The poster is referring to "gmail chat" which I assume means Google Talk. It's not e-mail and wouldn't be in an e-mail client.


----------



## ammuvava (Aug 22, 2011)

I'm logging straight to gmail and don't use any other mail programs.


----------



## ammuvava (Aug 22, 2011)

Yea I mean gtalk chat history....


----------



## Ent (Apr 11, 2009)

Doublehelix, Googlemail gives you a chat feature when logged into the e-mail using your internet browser.
https://mail.google.com/mail/help/chat.html
It does indeed save all your chat history as though they were emails.

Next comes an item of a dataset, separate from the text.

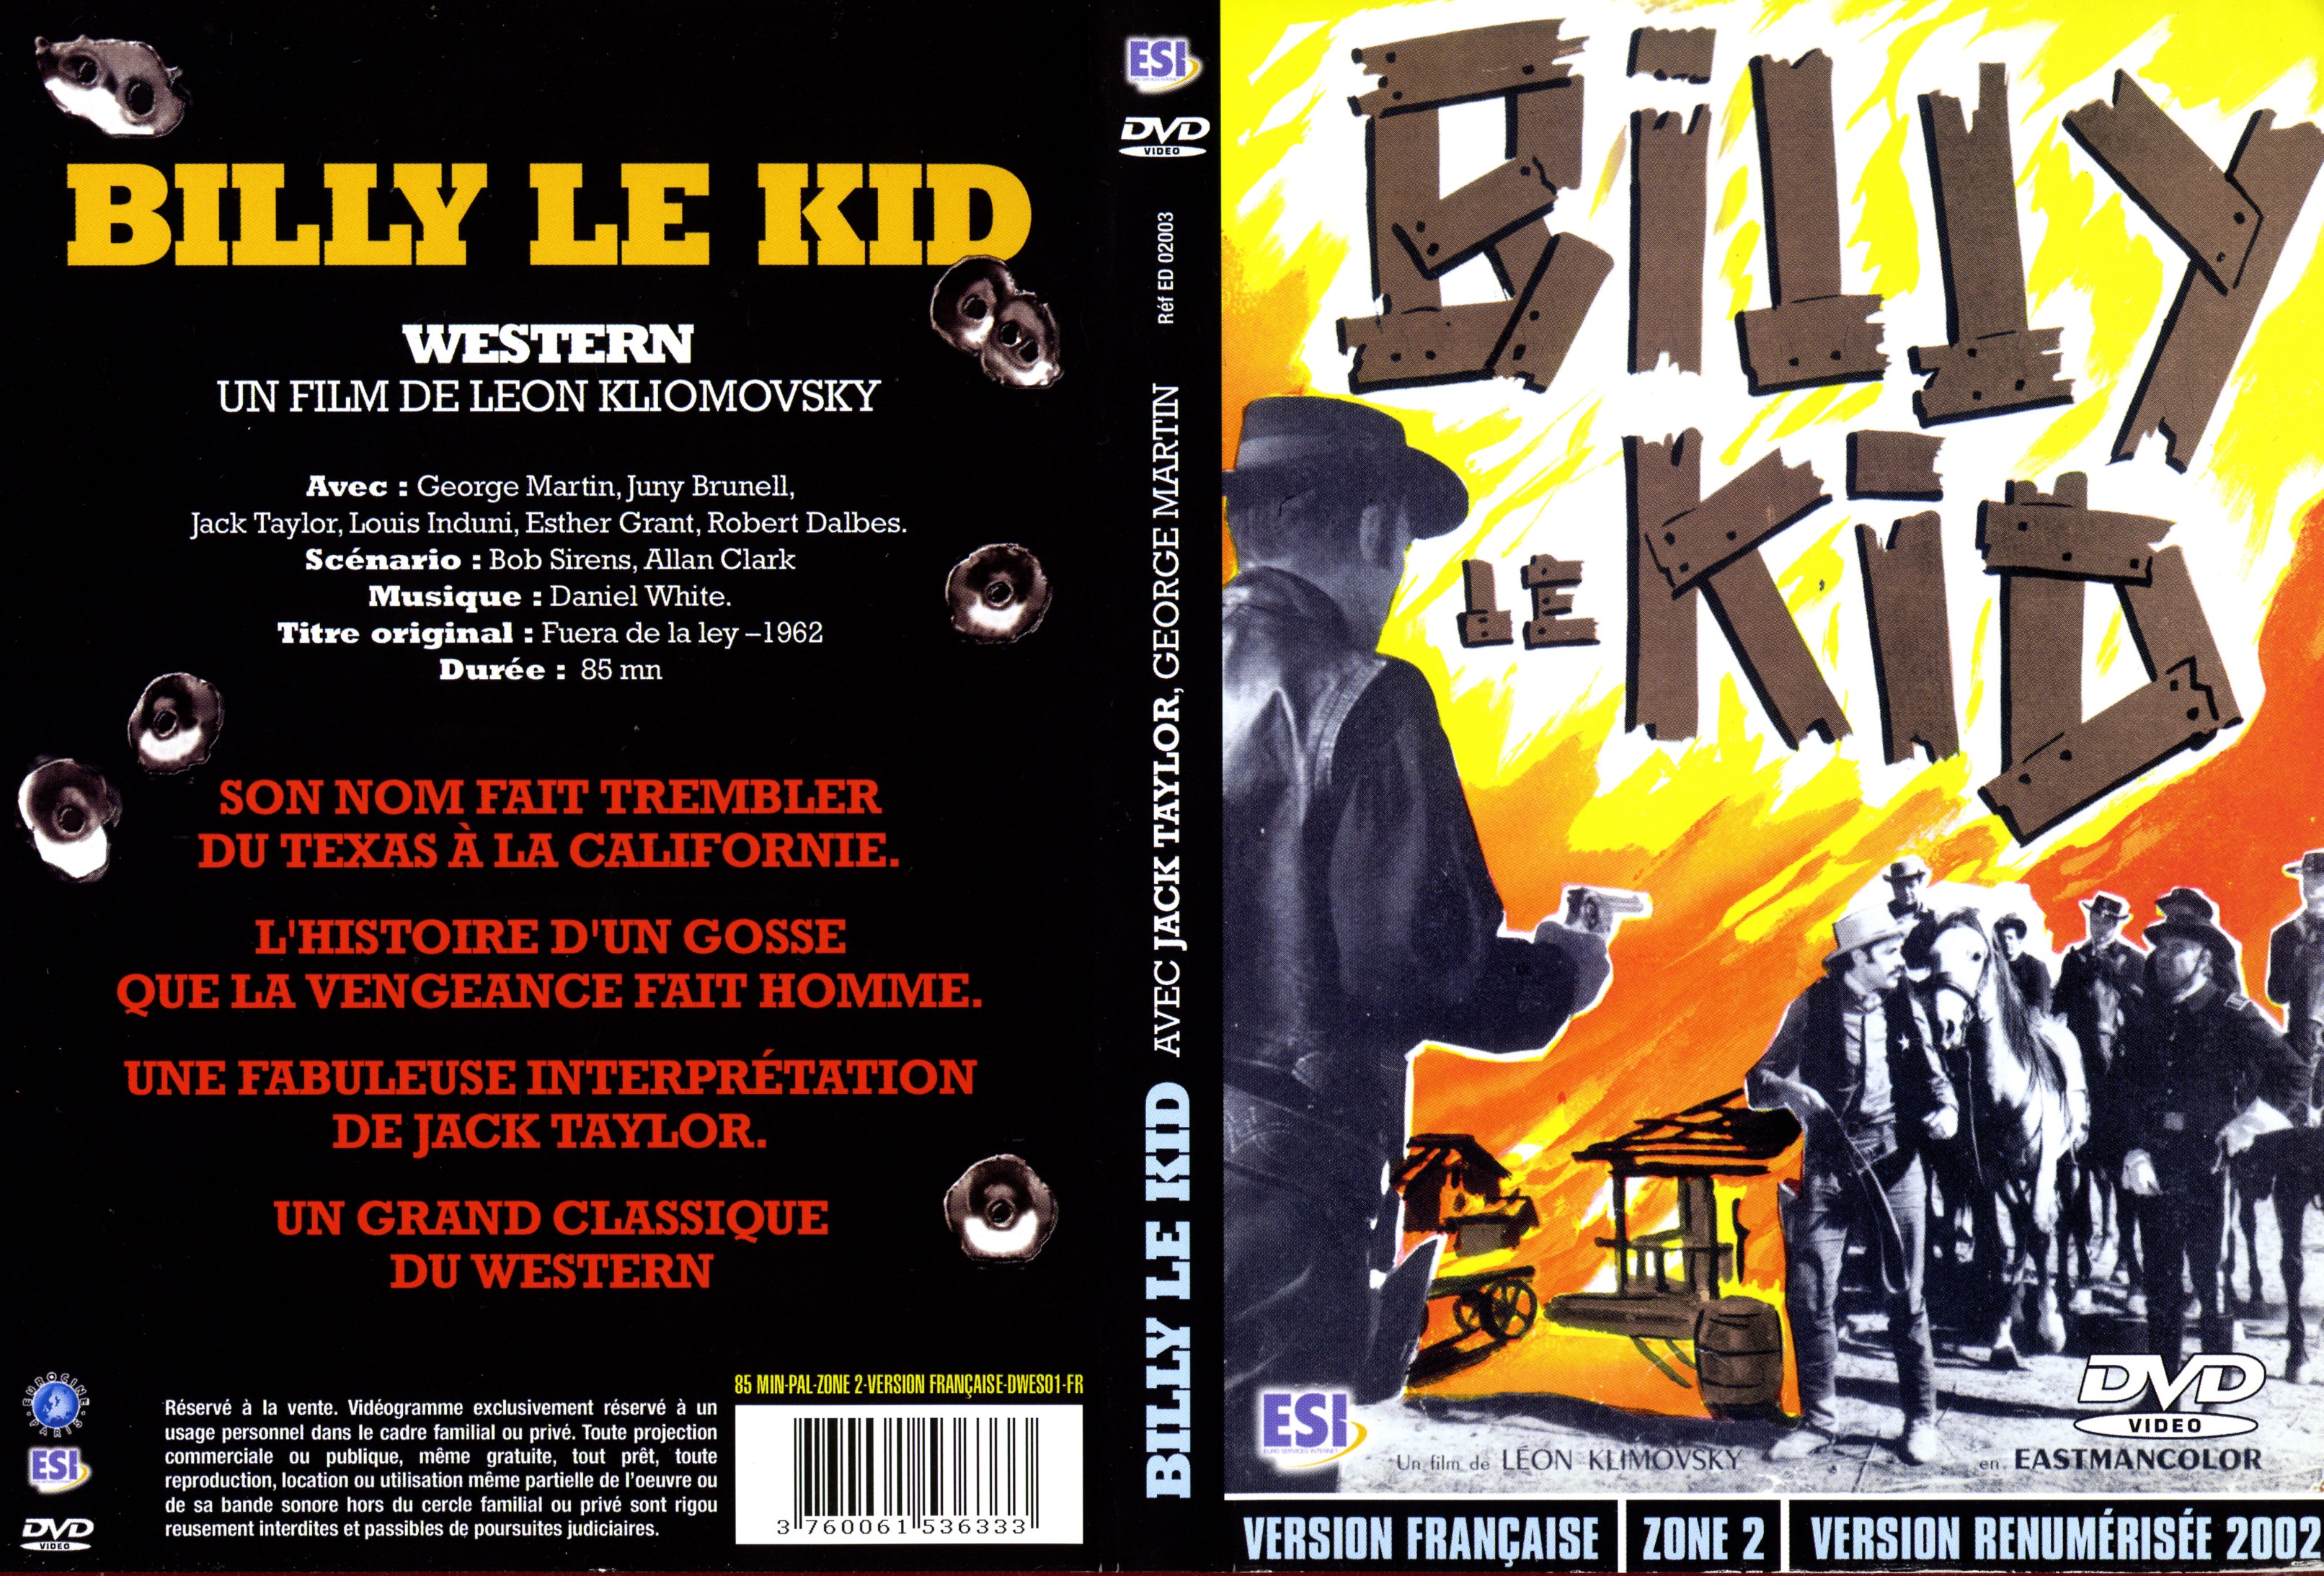 Jaquette DVD Billy le kid

I don't however think it could be used if an email client were involved, and therefore assume ammuvava uses the webmail directly. That is why I too suspect it's a lost cause.


----------



## ammuvava (Aug 22, 2011)

But sir whether I'm using gmail or gtalk for chatting, all the history will be automatically saved in my inbox.I lost them and now I want them back.This is my prob.


----------



## SUEOHIO (Jan 30, 2007)

Ive had gmail and google talk is a feature of the email. if your history was deleted 2 yrs ago its gone for good.if you save it it should be there if it wasnt saved i dont know what to tell you. after a period of time i think its deleted automatically whether saved or not and theres not much you can do about it.you might have to contact google and find out what happened.


----------



## valis (Sep 24, 2004)

After two years, unless you backed it up someplace, chances are extremely high it's toast.


----------



## DoubleHelix (Dec 10, 2004)

Only Google can help you, and the chances of them responding to your request to restore data you deleted 2 years ago is slim to none. 

Your Gmail data is not stored on your computer if you're accessing it via the web interface.


----------